_TO DO:_ Your answer should be the lines below from the one holding "Alte botanische Illustration" through the one holding "Увлекательная раскраска динозавров", copied exactly and with nothing else.

━━━━━ EXERCISE DATA ━━━━━

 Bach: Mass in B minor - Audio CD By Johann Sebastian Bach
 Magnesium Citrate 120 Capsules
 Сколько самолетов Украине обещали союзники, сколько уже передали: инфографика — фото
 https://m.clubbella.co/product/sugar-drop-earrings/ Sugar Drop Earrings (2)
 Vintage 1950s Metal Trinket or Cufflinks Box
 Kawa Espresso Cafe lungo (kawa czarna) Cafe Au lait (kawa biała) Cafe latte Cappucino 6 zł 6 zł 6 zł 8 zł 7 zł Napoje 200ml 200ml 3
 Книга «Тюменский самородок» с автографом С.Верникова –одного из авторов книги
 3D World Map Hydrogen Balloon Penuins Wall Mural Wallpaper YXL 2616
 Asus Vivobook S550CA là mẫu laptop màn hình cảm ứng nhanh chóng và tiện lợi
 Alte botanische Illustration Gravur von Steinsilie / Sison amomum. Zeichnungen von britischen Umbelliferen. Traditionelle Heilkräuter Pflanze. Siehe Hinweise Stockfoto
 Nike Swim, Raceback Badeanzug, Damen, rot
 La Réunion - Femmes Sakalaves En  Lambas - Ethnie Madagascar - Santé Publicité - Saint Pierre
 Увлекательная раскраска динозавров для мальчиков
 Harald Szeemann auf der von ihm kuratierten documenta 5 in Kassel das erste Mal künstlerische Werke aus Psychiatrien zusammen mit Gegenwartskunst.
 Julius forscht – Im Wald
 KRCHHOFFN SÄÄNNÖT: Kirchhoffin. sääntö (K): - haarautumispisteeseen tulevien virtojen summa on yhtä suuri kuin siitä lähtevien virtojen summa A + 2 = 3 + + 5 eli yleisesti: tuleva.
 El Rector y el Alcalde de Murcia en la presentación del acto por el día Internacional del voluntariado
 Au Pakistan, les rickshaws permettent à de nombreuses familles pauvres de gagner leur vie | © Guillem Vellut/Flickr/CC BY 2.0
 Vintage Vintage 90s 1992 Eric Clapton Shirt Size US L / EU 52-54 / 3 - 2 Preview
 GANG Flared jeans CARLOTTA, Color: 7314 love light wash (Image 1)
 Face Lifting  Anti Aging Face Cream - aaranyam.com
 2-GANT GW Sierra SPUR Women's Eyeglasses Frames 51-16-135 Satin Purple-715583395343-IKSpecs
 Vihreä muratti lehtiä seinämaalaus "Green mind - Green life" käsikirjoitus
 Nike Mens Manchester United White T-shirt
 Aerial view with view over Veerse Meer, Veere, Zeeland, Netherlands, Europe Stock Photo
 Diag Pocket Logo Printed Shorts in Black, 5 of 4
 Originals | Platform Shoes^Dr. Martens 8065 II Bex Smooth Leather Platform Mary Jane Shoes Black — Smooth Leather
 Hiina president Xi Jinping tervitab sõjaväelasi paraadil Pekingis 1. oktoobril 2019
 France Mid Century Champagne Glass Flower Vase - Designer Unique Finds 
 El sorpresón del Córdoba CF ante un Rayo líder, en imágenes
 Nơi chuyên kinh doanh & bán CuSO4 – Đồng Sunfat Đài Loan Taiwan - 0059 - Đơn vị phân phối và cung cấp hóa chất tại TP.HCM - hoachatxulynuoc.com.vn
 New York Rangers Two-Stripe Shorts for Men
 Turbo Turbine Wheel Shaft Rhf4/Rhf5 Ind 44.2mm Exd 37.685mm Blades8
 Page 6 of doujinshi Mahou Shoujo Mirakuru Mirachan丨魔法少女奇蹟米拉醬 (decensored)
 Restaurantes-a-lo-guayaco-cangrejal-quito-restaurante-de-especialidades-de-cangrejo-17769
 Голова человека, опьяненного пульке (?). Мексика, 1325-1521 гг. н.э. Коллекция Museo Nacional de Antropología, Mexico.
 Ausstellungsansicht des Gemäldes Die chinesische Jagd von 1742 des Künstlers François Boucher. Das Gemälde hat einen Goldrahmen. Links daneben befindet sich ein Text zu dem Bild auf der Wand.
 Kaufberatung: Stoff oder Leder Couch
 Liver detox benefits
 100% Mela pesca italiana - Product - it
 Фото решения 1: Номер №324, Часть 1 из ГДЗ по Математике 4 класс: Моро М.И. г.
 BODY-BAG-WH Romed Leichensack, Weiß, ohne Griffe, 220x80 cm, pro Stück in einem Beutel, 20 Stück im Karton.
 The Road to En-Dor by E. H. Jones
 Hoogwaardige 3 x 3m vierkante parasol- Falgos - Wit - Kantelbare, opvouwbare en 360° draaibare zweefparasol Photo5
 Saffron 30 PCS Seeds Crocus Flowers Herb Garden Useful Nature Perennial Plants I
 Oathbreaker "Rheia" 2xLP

━━━━━

_EXPECTED OUTPUT:_
 Alte botanische Illustration Gravur von Steinsilie / Sison amomum. Zeichnungen von britischen Umbelliferen. Traditionelle Heilkräuter Pflanze. Siehe Hinweise Stockfoto
 Nike Swim, Raceback Badeanzug, Damen, rot
 La Réunion - Femmes Sakalaves En  Lambas - Ethnie Madagascar - Santé Publicité - Saint Pierre
 Увлекательная раскраска динозавров для мальчиков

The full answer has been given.